In spirit he was still full of life. His long term memory was giving him strength.
During my first visit to see him on the hill I was with Colin Newton.
"Remember the soup?" he was saying to me.
"Remember the soup?"
He was of course referring to a visit the three of us made together to the Port drive-in theatre.
I forgot the movie but surely it was a must see. Why? It was the middle of winter.
Looseman was sitting in the back. Wahoo and I were in the front.
To keep warm we were passing between us a brown paper bag from which we were taking some long pulls.
It eventually got the best of Looseman, some years Wahoo's junior and even more so mine.
"It is soup," was the information offered by Wahoo.
"Would you like some?"
To which Looseman readily agreed.
As he immediately discovered it was actually Rosetto's brown muscat!
During his lifetime he offered countless hours of service to others.

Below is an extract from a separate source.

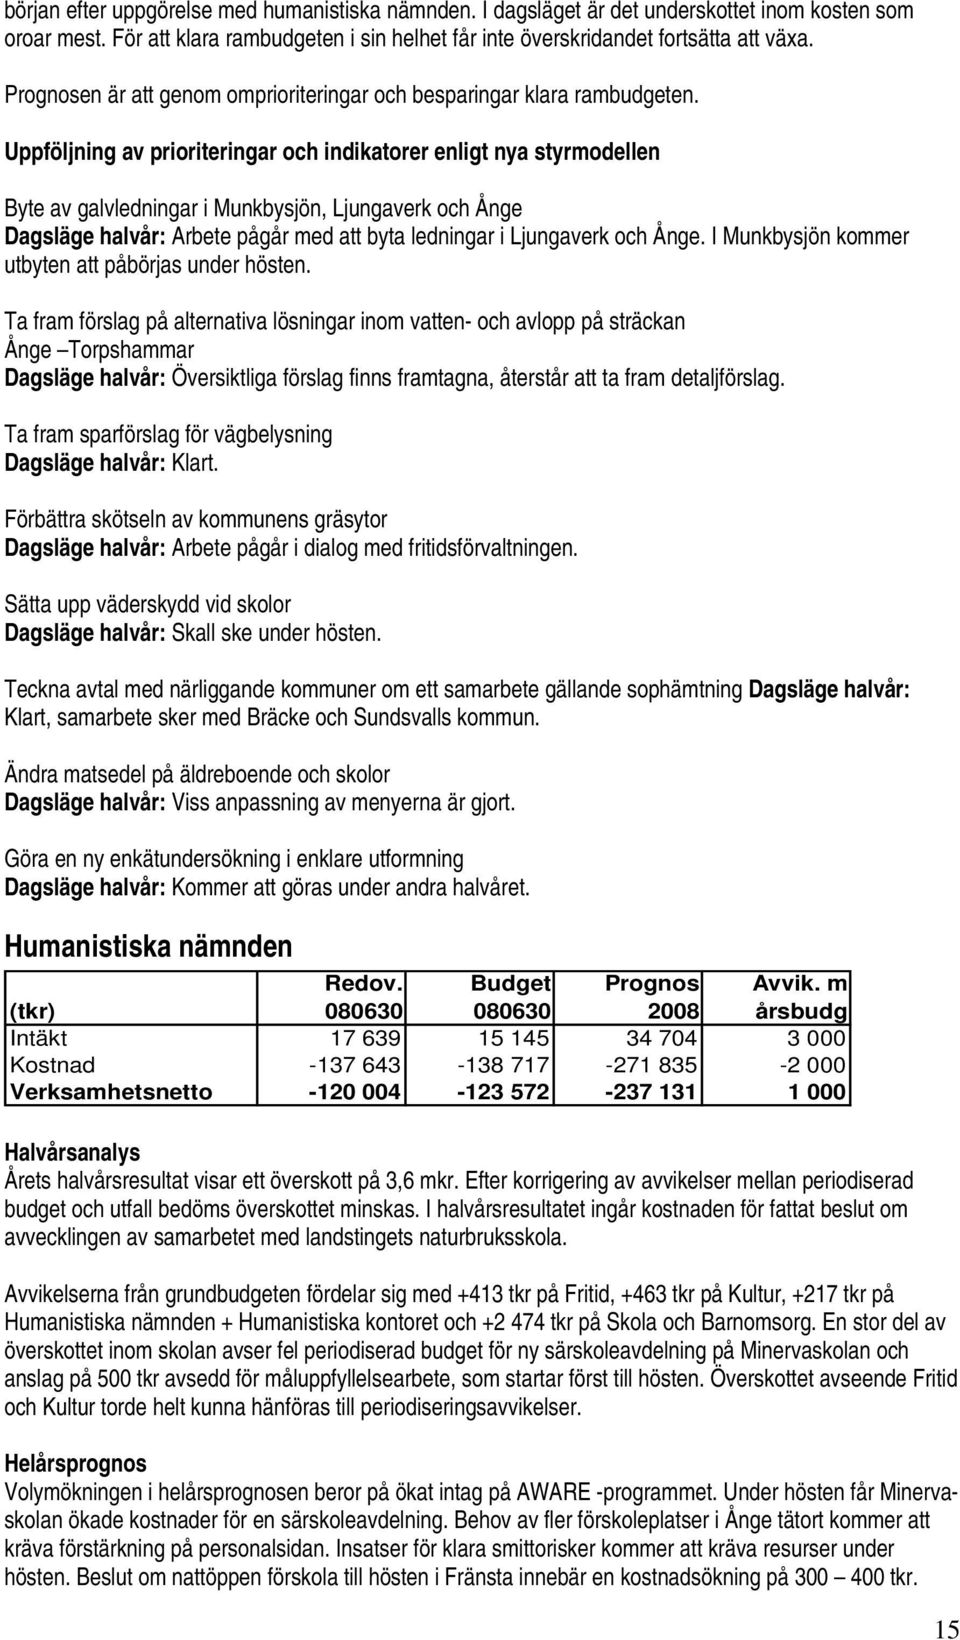 Uppföljning av prioriteringar och indikatorer enligt nya styrmodellen Byte av galvledningar i Munkbysjön, Ljungaverk och Ånge Dagsläge halvår: Arbete pågår med att byta ledningar i Ljungaverk och
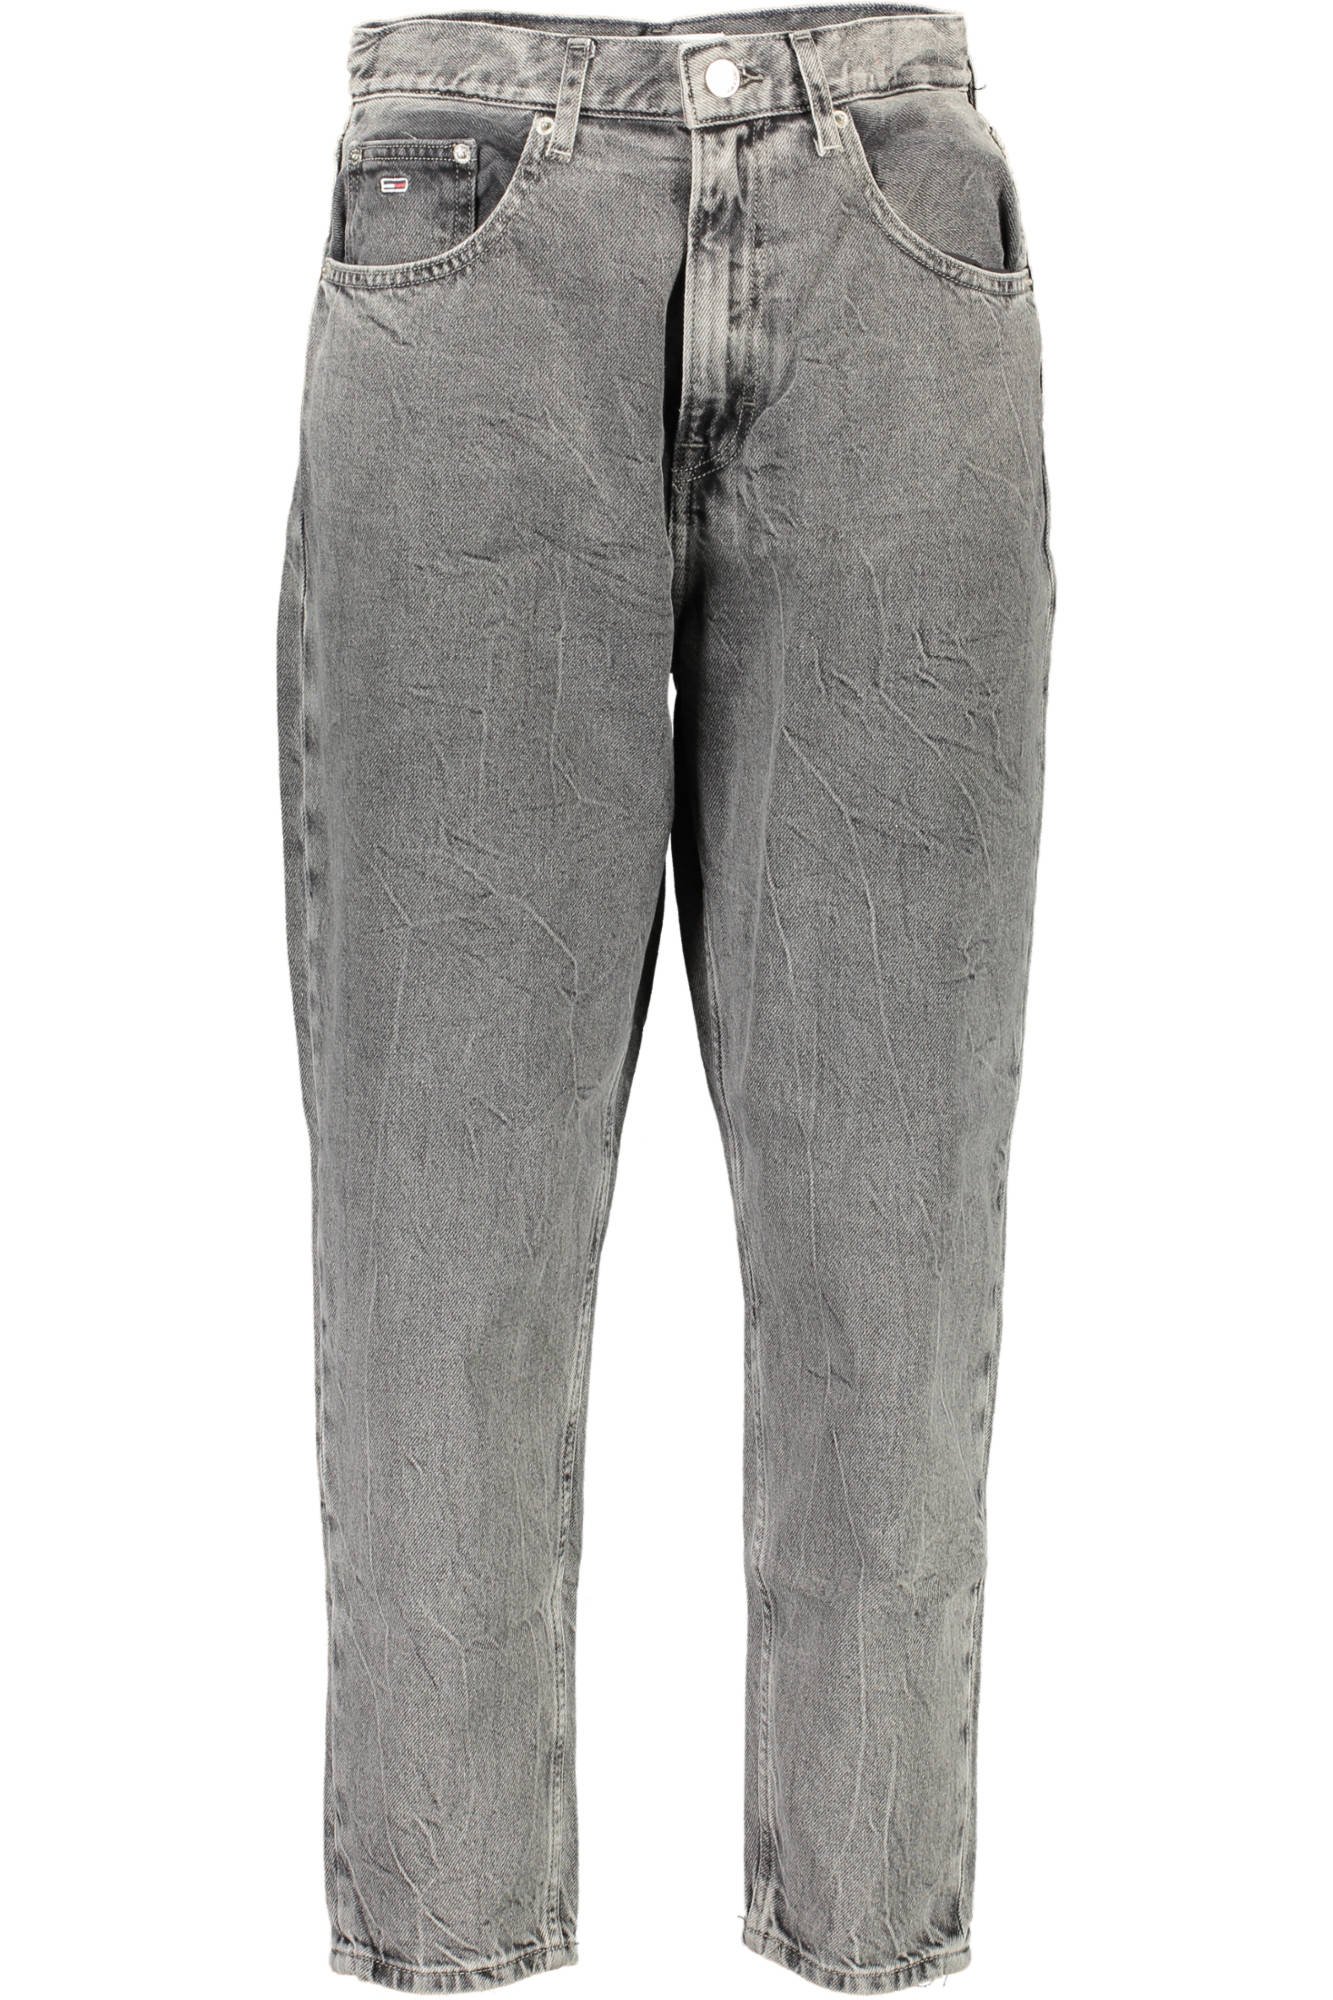 Tommy Hilfiger džinsai | Brand Outlet - drabužiai, avalynė, aksesuarai

He held multiple life memberships and community awards, each one a testimonial in itself.
That is why the Anglican Church in Wauchope was filled to overflowing for his memorial service.
Besides death, one thing beat Eric Waldron. He could not play cricket. Believe me, I know. I tried, to no avail, to teach him.
He won't mind me saying this. And so, I use cricket parlay when I say about his life with us.
He batted well!
And is the scales of justice in the Hereafter are weighing correctly, he will be curling his moe; if he is growing one.